Eaux Fortes, croiser les regards
« On s’est demandé ce qu’on pourrait changer dans le corps des visiteurs qui entrent dans l’exposition. On a décidé de monter un projet qui serait une maison vraiment vivante, qui permettrait de rétablir le contact entre l’art contemporain, et les problèmes qui agitent la société et les publics » explique ainsi l’artiste. Maison de Force est le foyer imaginaire d’une internationale de créateurices engagé·es, farouchement critiques de nos héritages coloniaux et sexistes. Leur maison est un foyer, un endroit où chacun·e peut se ressourcer, et qui revisite à sa manière le slogan mythique « L’intime est politique ».
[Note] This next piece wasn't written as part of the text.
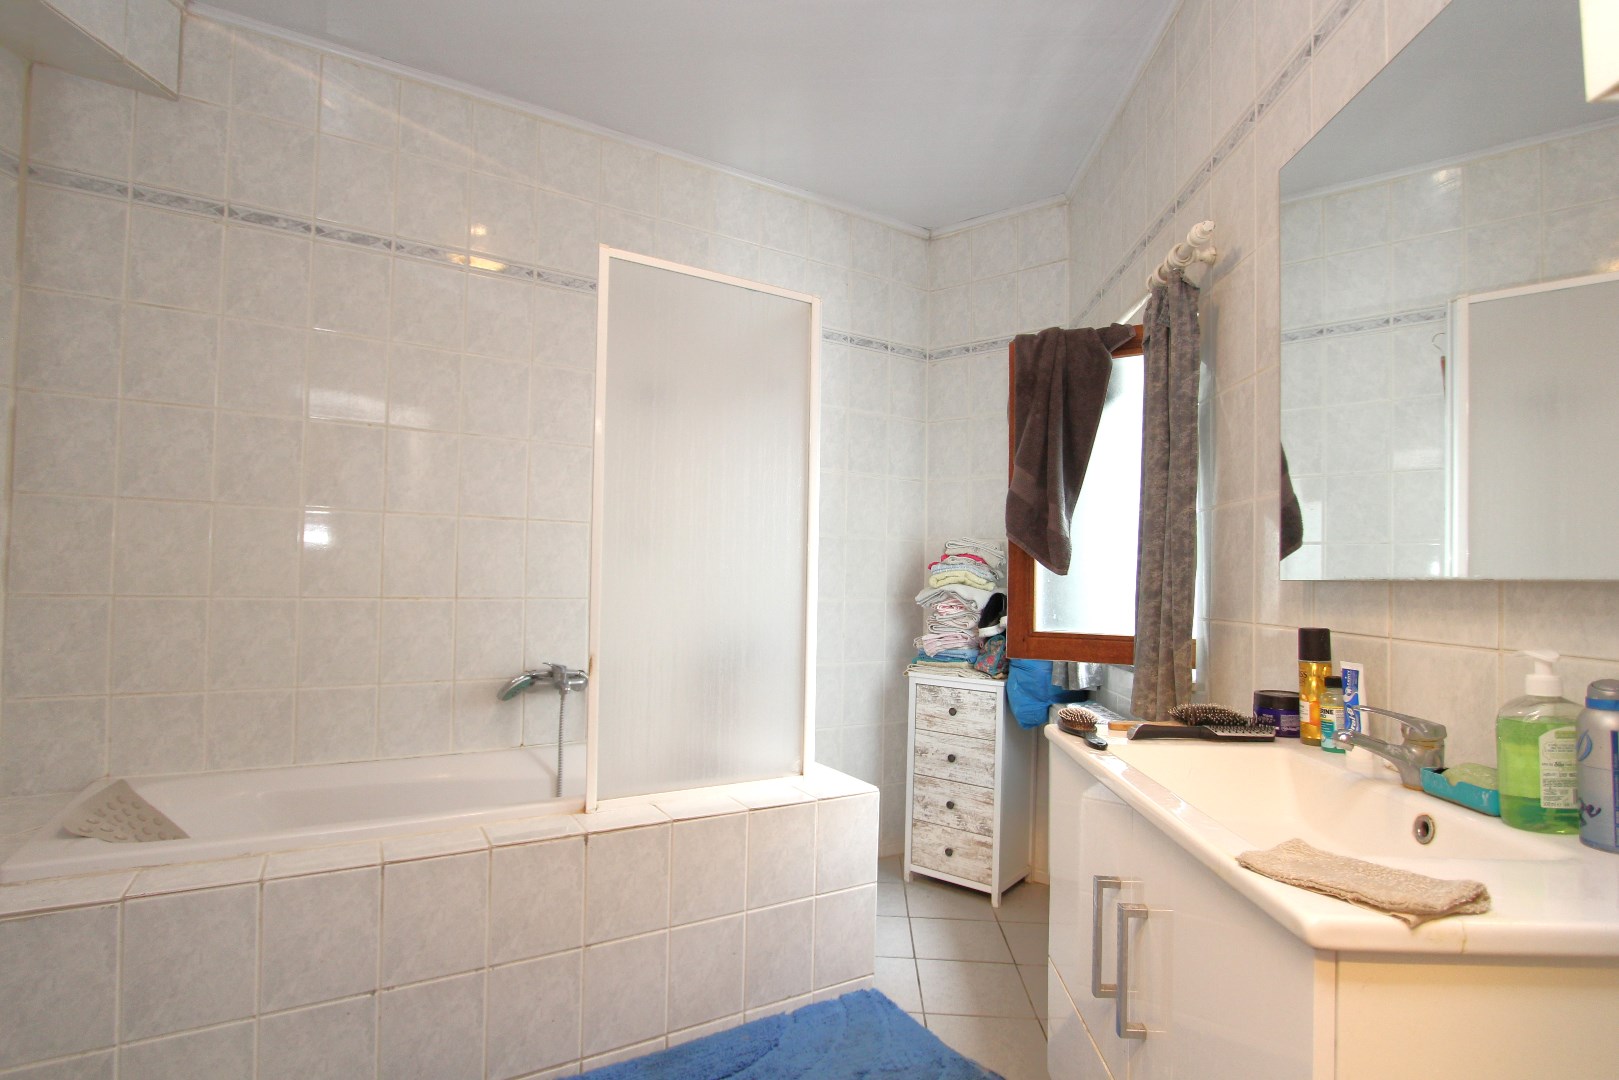 Badkamer met ligbad, enkele lavabo en toilet

« Tout le propos est de rassembler des regards artistiques pour répondre à la problématique qui nous lie d’une façon « véritablement » internationale. Pour traiter des rapports de force qui agitent le monde actuel, de l’intime au politique transversal, on voulait entendre des artistes émanant aussi des continents africain et asiatique, d’Amérique du Sud, qui ont été exotisés, valorisés, dévalorisés mais surtout cloisonnés par le regard des politiques, des collectionneurs et du monde de l’art, poursuit la curatrice. Notre but est que l’on regarde la création en train de se faire comme un reflet et un agent des mondes passés et des écritures futures. Et ces écritures échappent largement aux frontières d’Etat. » L’histoire d’Eaux Fortes est intrinsèquement liée à celle d’une convergence transnationale : le collectif est né de la rencontre entre Marinette Jeannerod (aka Marynet J.) et Cléophée Moser, toutes les deux artistes-chercheuses au Bénin en 2017, et surtout de leurs rencontres successives avec les artistes qu’elles ont assisté·es et admiré·es, avec qui elles ont collaboré, qui pour certain·es sont devenu·es des camarades de lutte.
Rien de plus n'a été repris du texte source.